Lysine can be mono-, di-, or tri-methylated. We describe each of these modifications as ‘N6-methyllysine’, ‘N6,N6-dimethyllysine’ and ‘N6,N6,N6-trimethyllysine’. If the number of methyl groups is unknown, we simply indicate ‘N6-methylated lysine’. This general description is also used when propagating the information ‘By similarity’ to homologous proteins.
Example: P13538

Lysine methylation can compete with acetylation on the same residue. In this case, the modifications are described as ‘alternate’.

Arginine methylation

Arginine can be monomethylated or dimethylated in two ways which leads to four different descriptions: ‘Omega-N-methylarginine’, ‘Dimethylated arginine’, ‘Symmetric dimethylarginine’ and ‘Asymmetric dimethylarginine’. If the residue is dimethylated, but the position of the methyl groups is unknown, it is annotated as ‘Dimethylated arginine’. If the number of methyl groups is unknown, the ambiguous description ‘Omega-N-methylated arginine’ is used. This general description is also used when propagating information to homologous proteins.
Examples: Q07666, P11940, Q60487, P45481

Other rare examples of side chain methylation

Examples: P00318, P0A287

3. Acetylation

We annotate both N-terminal acetylation and acetylation on internal residues.

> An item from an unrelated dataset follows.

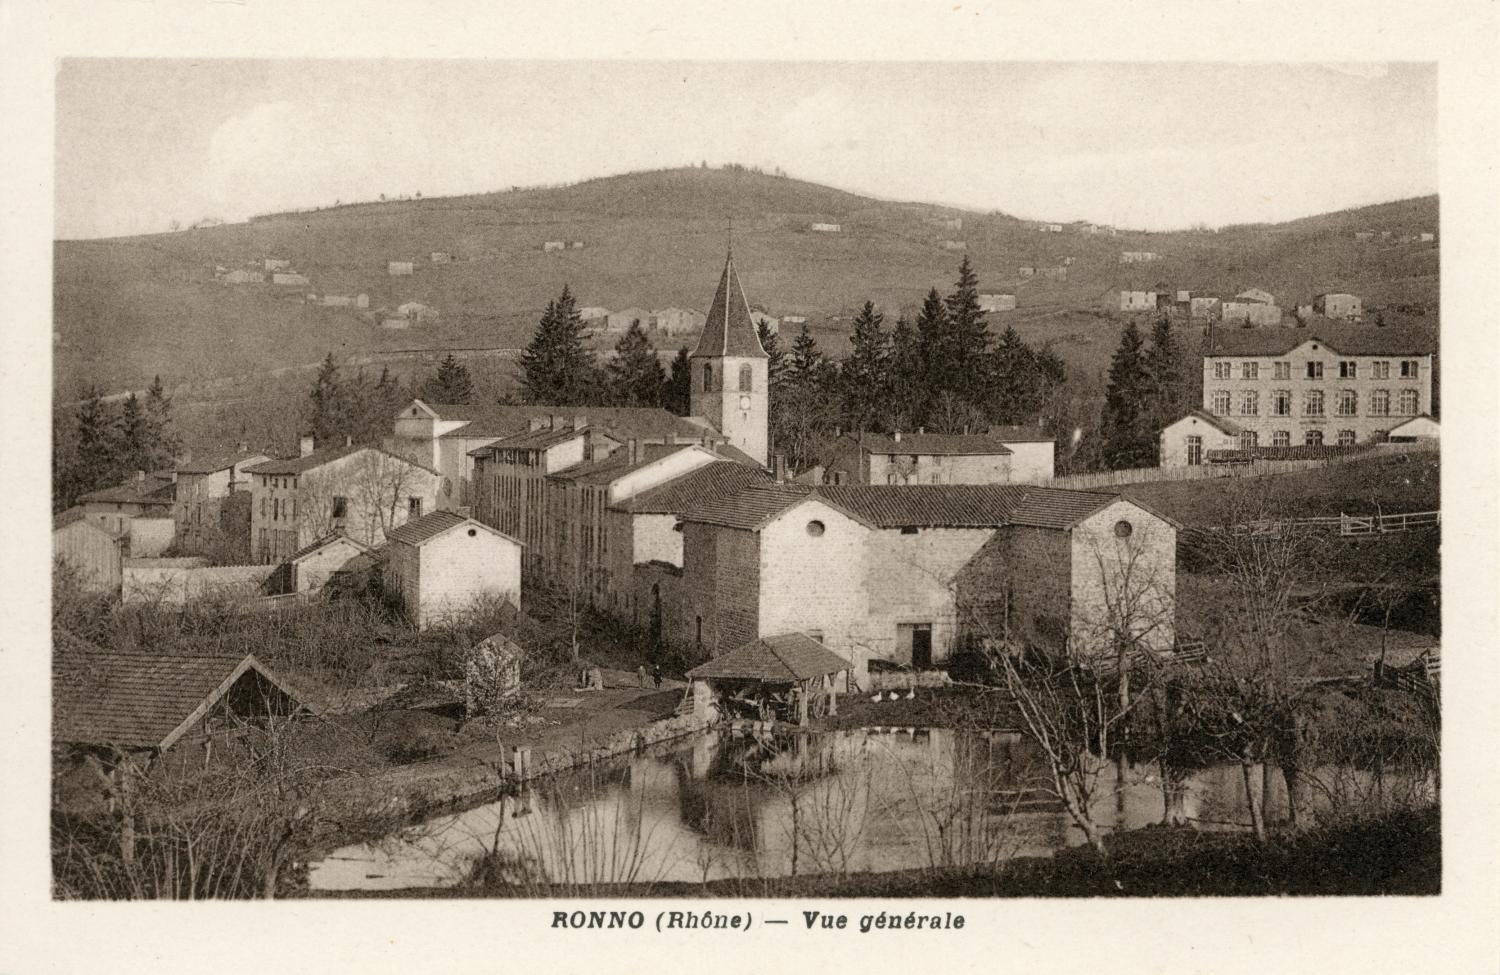 Ronno (Rhône). - Vue générale

Related keyword: Acetylation

N-terminal acetylation

N-terminal acetylation is one of the most common post-translational modifications in eukaryotes, but it is rare in prokaryotes. It refers to the addition of an acetyl group from acetyl-CoA to the alpha-amino group of the first residue of a protein, often after the cleavage of the initiator methionine. The most commonly acetylated residues are glycine, alanine, serine or threonine. This reaction occurs in the cytosol. Methionine residues can also be modified if the next residue is an aspartate, glutamate, leucine, isoleucine, tryptophan, phenylalanine or asparagine residue. Note that the modified position may not correspond to the first amino acid of the displayed sequence if N-terminal acetylation occurs after proteolytic processing of the chain.

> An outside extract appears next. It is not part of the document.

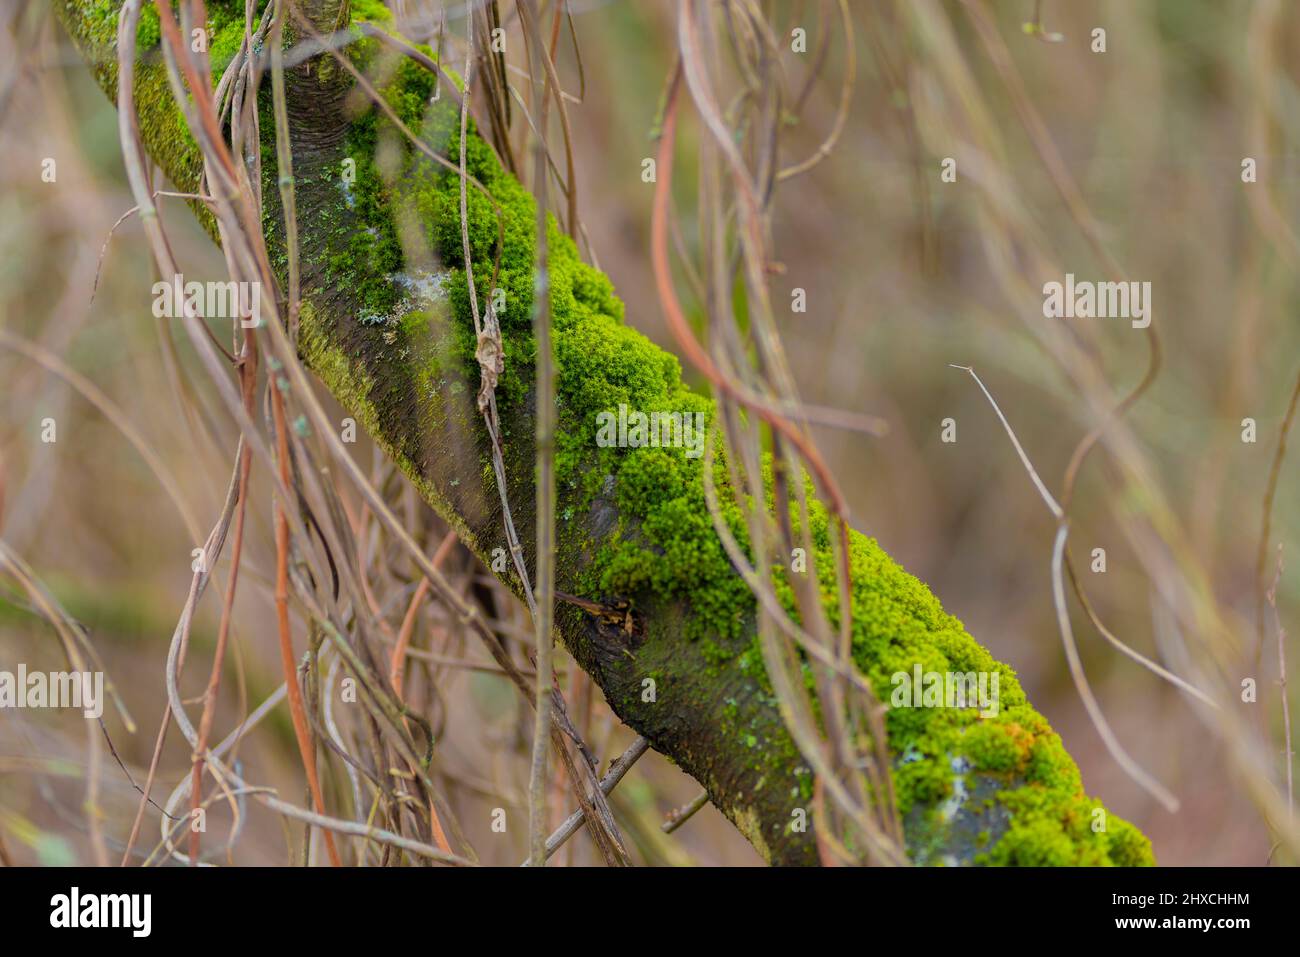 Rametto coperto di muschio in inverno, profondità di campo molto bassa, bello bokeh morbido e sfocato Foto Stock

We annotate experimentally determined sites of N-terminal acetylation and this information is propagated ‘By similarity’ to homologous proteins in related species.
Examples: P23542, P68251, P01201, P41682, Q71SP7

Internal acetylation

Internal acetylation is the addition of a N-alpha-acetyl group from acetyl-CoA to the side chain of a lysine residue. In eukaryotes, it generally takes place in the nucleus and affects mainly, but not exclusively, histones. It also occurs in prokaryotes.

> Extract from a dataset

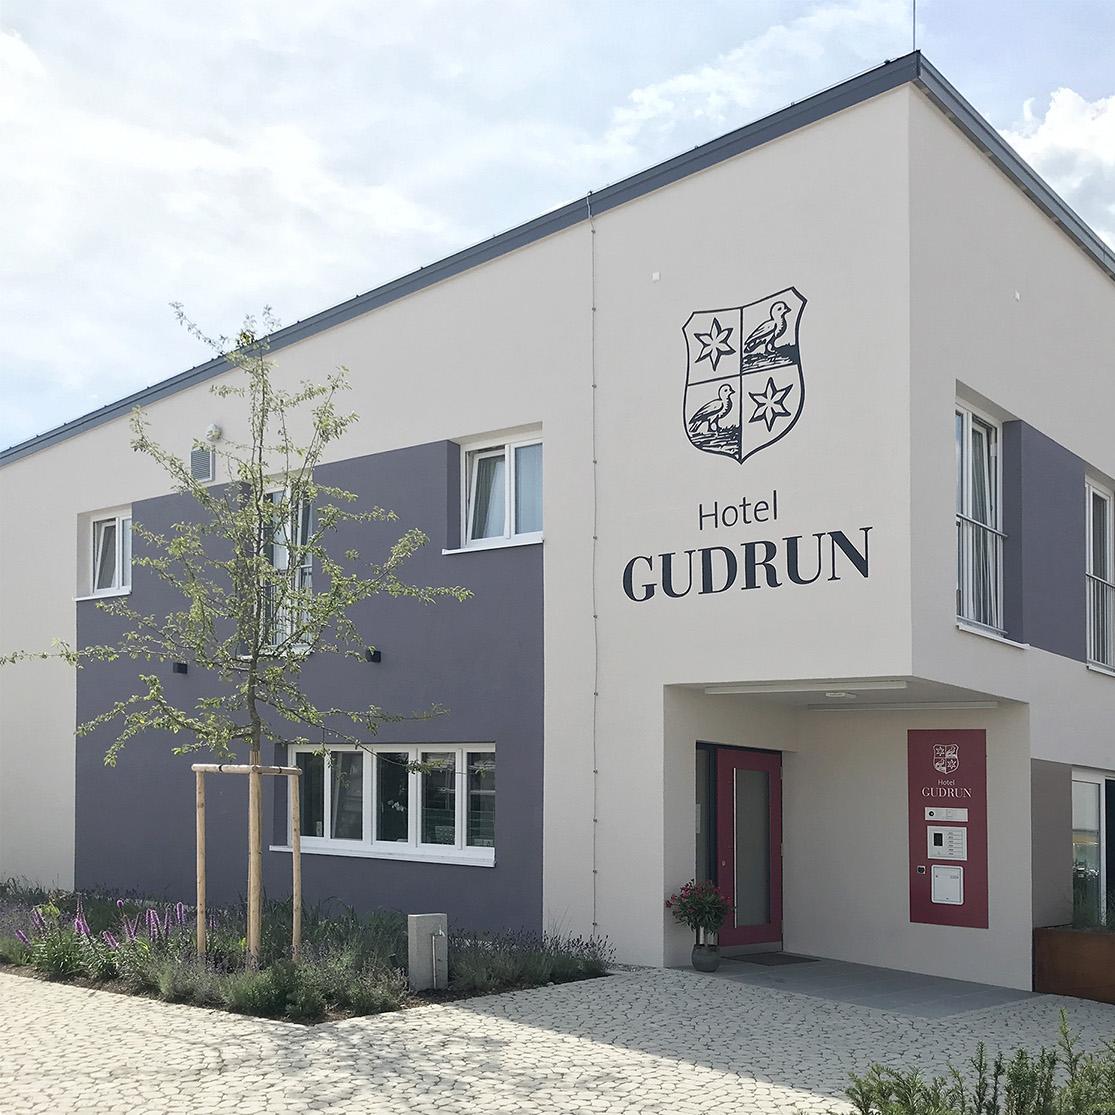 Restaurant "Hotel Gudrun" in  Riedlingen

Lysine acetylation can compete with acetylation on the same residue, in which case both modifications are described as ‘alternate’.

We annotate experimentally determined sites of internal acetylation and propagate the information ‘By similarity’ to homologous proteins in related species.
Examples: P0C0S9, Q12158, Q9NHD5, Q8ZKF6, Q88EH6

4. Amidation

The C-terminus of secreted proteins is often modified by cleavage between the amino group and the alpha carbon of a C-terminal glycine, resulting in the amidation of the precedent amino acid. This modification protects the C-terminus from degradation by proteases. Amidated proteins contain a signal peptide and are often processed prior to amidation in order to expose a glycine at C-terminus. Amidation has been observed in eukaryotes including mammals, non-mammalian vertebrates and insects, but not in plants.

Related keyword: Amidation

The sequence including the amidated position generally conforms to the consensus cleavage sequence for proconvertases, which is G[RK] or GRK. Following proconvertase cleavage, removal of the pair of basic residues is accomplished by carboxypeptidase H, while the terminal glycine is converted to a new C-terminal amide by the bifunctional peptidylglycine alpha-amidating monooxygenase (PAM).

We annotate experimentally determined sites of amidation, which may be propagated to homologous proteins in related species. For each amidation, we specify the position of the glycine which provides the amide group, provided it is present within the mature protein chain. We also specify the position at which the protein is cleaved, if that is known, and the limits of the peptide which is removed by cleavage. For aspartate and glutamate amides the position of the amide is also indicated as the side chains of these amino acids can theoretically be modified to amides by a different reaction.
Examples: P58913, P09859

Terminal amidation

Examples: P69148, P82387

Glutamate amidation

Example: P20481

5. Pyrrolidone carboxylic acid

The N-terminal glutamine of extracellular and multi-pass membrane proteins can be modified by cyclization of the glutamine via condensation of the alpha-amino group with the side-chain carboxyl group. Modified proteins show an increased half-life. Modified proteins of this type cannot be sequenced by the Edman method, they are blocked.

This modification can also occur from a glutamate residue but this seems to be extremely rare, and may be correlated with an extreme acidic context of the protein involved. We specify it by indicating ‘Pyrrolidone carboxylic acid (Glu)’ in the ‘Description’ field.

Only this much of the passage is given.